Перехожу Райскую улицу. Правой ногой я ступил в лужу, носок у
меня промок.
Прогулка началась.
Эта часть бульвара Нуара НЕОБИТАЕМА. Климат здесь слишком
суровый, а почва слишком неблагодарная, чтобы жизнь могла
пустить здесь корни и развиваться дальше. Три лесопилки братьев
Солей (это братья Солей были поставщиками панелей для сводов
церкви Святой Цецилии Морской, обошедшихся в сто тысяч франков)
всеми своими окнами и дверями выходят на запад, на уютную улицу
Жанны-Берты Керуа, которую заполняют своим грохотом. Бульвару
Виктора Нуара они показывают три своих зада, соединенных
заборами. Здания лесопилки тянутся вдоль левого тротуара на
четыреста метров -- ни единого окошка, хотя бы слухового.
На сей раз я ступил в сточную канаву обеими ногами.

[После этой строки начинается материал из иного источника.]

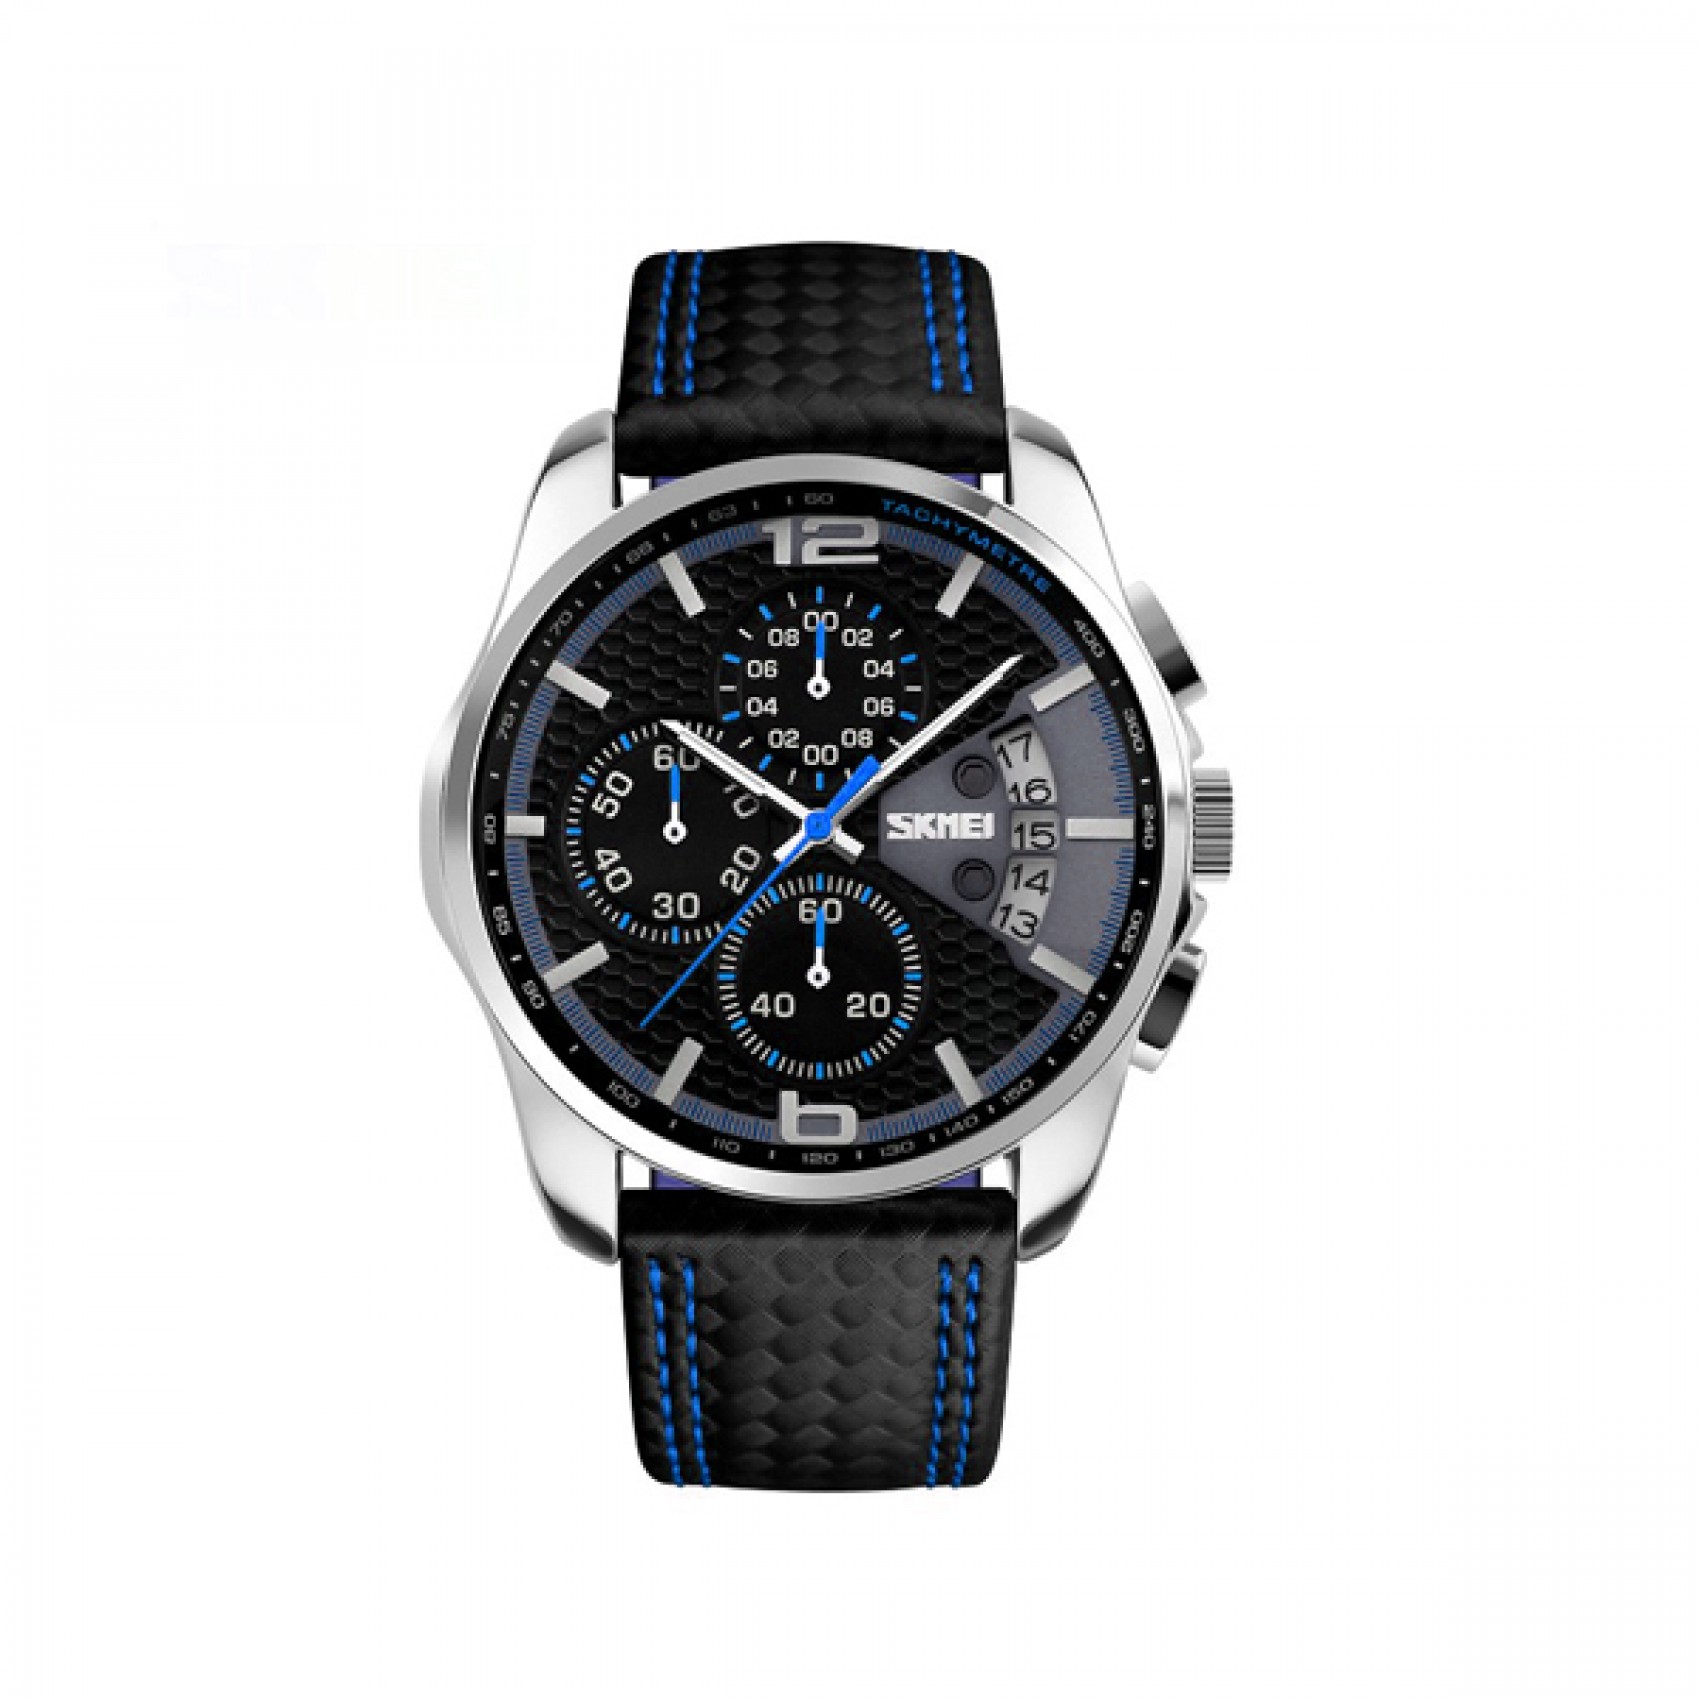 Waterproof Fashion PU Leather Band Wrist Watch 9106 - Blue

Перехожу дорогу -- на другой стороне улицы одинокий газовый
фонарь, словно маяк на краю света, освещает щербатый,
искалеченный забор.
На досках еще держатся обрывки афиш. Красивое лицо на фоне
звездообразно изорванного зеленого клочка искажено гримасой
ненависти, под носом кто-то пририсовал закрученные кверху усы.
На другом обрывке можно разобрать намалеванное белыми буквами
слово "чистюля", из которого сочатся красные капли -- может
быть, кровь. Не исключено, что это лицо и это слово составляли
части одной афиши. Теперь афиша изодрана в клочья, простые
соединявшие их по изначальному замыслу связи распались, но
между искривленным ртом, каплями крови, белыми буквами,
окончанием "юля" само собой возникло новое единство; словно
какая-то неутомимая, преступная страсть пытается выразить себя
с помощью этих таинственных знаков. В просветах между досками
поблескивают огоньки железной дороги. Рядом с забором тянется
длинная стена. Стена без отверстий, без дверей и окон, которая
через двести метров упирается в дом. Я миновал сферу влияния
фонаря, я вступаю в черный провал. Моя тень тает у меня под
ногами в потемках, и мне чудится, будто я погружаюсь в ледяную
воду. Впереди, в глубине провала, сквозь толщи черноты смутно
проглядывает розоватое пятно -- это проспект Гальвани.
Оборачиваюсь; позади газового фонаря, далеко-далеко крохотная
частица освещенного пространства -- вокзал и четыре кафе.
Позади меня, впереди меня люди в пивных пьют и играют в карты.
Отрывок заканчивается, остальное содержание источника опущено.